Why does TV even bother with breakfast?

Writing in The Sunday Age, Michael Lallo makes the following observation, Last week in Melbourne, the three breakfast programs – Seven’s Sunrise, Nine’s Today and ABC News Breakfast – had a combined average viewership of just 220,000. Breakfast radio shows, in comparison, had more than 920,000 listeners, according to the latest Nielsen survey. So why such a battle over so few viewers? Why the trips to Antarctica, New York, London; the novelty antics of the weather presenters? And how come the hosts are feted like celebrities?”

The answer, according to Lallo is, Because Kochie, Mel, Karl and Lisa rake in a combined $100 million in advertising revenue.”

But that prompts another question: Why? Why are advertisers prepared to spend so much money on relatively poor rating TV programs compared to Radio which seems to offer so much more bang for their buck?

Of course, any proper analyst would point out that we’re trying to compare apples to cumquats. The audience numbers quoted above are divided by only three outlets for TV and 15 for Radio. And one TVC may have a greater impact than one Radio ad. Then again, a live Radio ad read by Ross Stevenson and John Burns on 3AW may have greater impact still.

To arrive at a different comparison, The Sunday Age commissioned a report from ratings provider OzTAM. “It showed that more than 1 million Melburnians watched at least eight minutes of Sunrise, Today or ABC News Breakfast at least once last week. Still, this was dwarfed by the 3 million who heard at least eight minutes of breakfast radio. Nationally, 4 million Australians watched breakfast TV while 10 million listened to radio.”

Even so, we must take into account that breakfast is Radio’s strongest shift and (apart from mid-dawn) TV’s weakest. Of course that situation inverts at night.
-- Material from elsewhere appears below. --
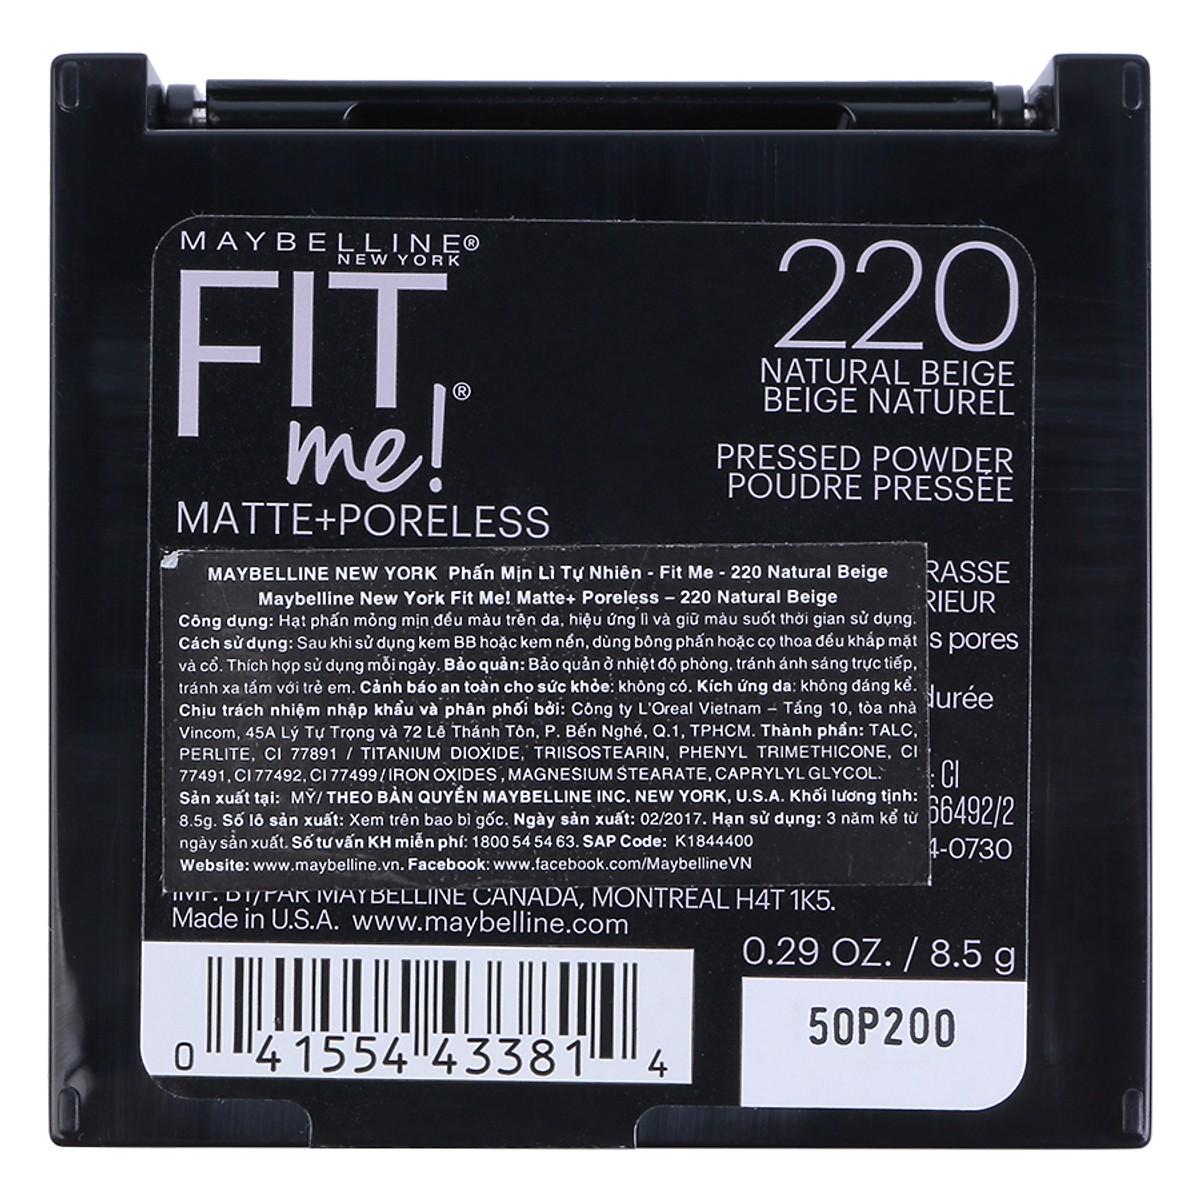 Phấn Phủ Mịn Lì Tự Nhiên Maybelline Fit Me Matte Poreless Màu 120 2
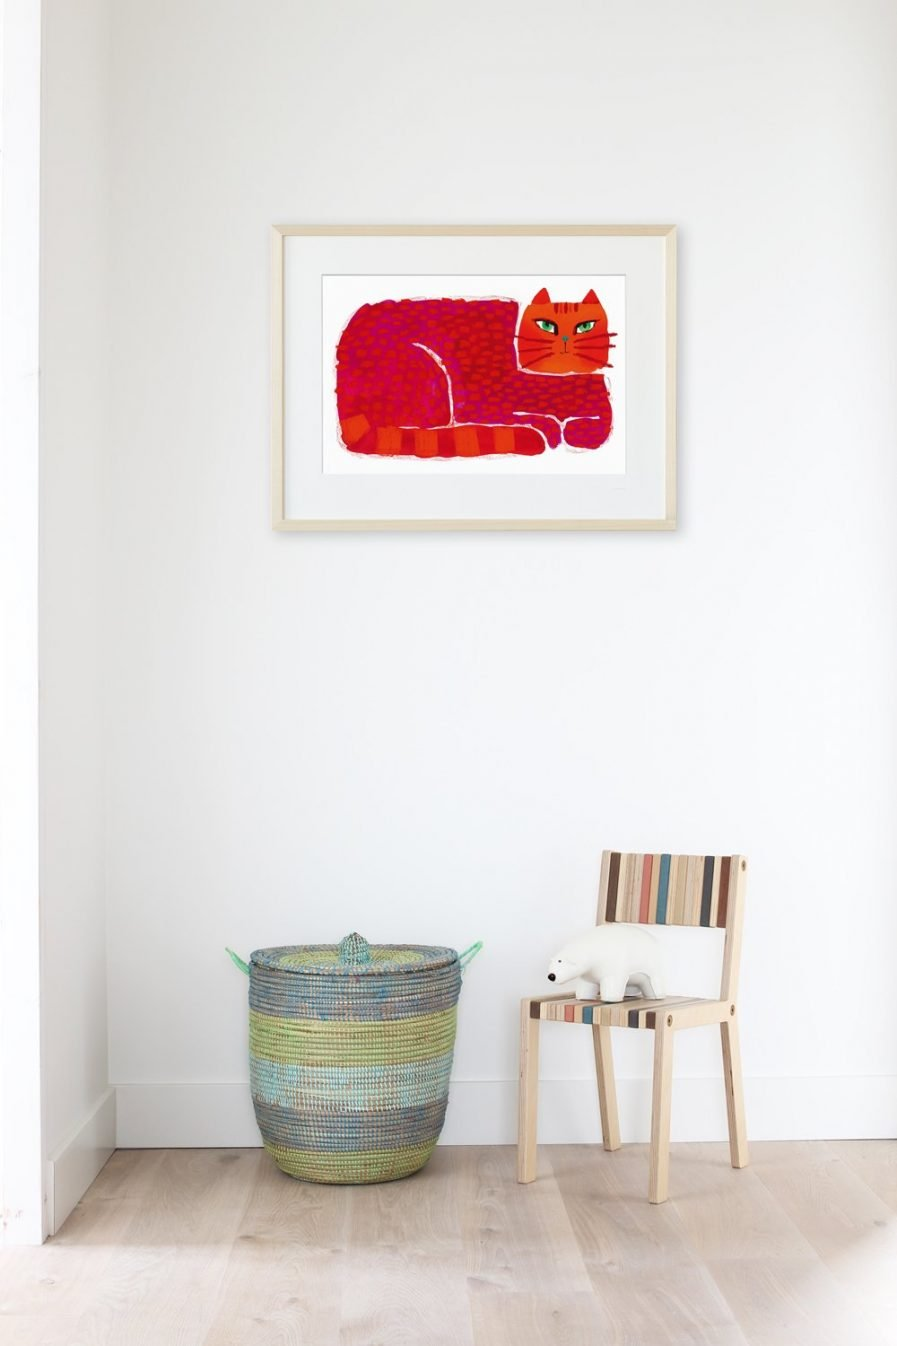 """We zien een weldoorvoede poes liggen en ons aankijken, alsof de rood-oranje kat wil zeggen: """"Hoezo?"""""""

Which suggests that, if Lallo’s Melbourne ad spend figures of $100 million p.a. for just breakfast television are correct, then television is punching way above the weight of its audience in that time slot. In comparison Melbourne Radio managed total ad revenue for all sessions, not just breakfast, of just under $205 million for the entire 2011 calendar year according to Deloitte figures commissioned by CRA.

Now Channel 10 is about to launch its own breakfast TV offering to get a piece of that $100 million pie – or perhaps even make the pie bigger.

Is Radio getting its fair share of the available ad spend?

If not, what does it have to do to get it?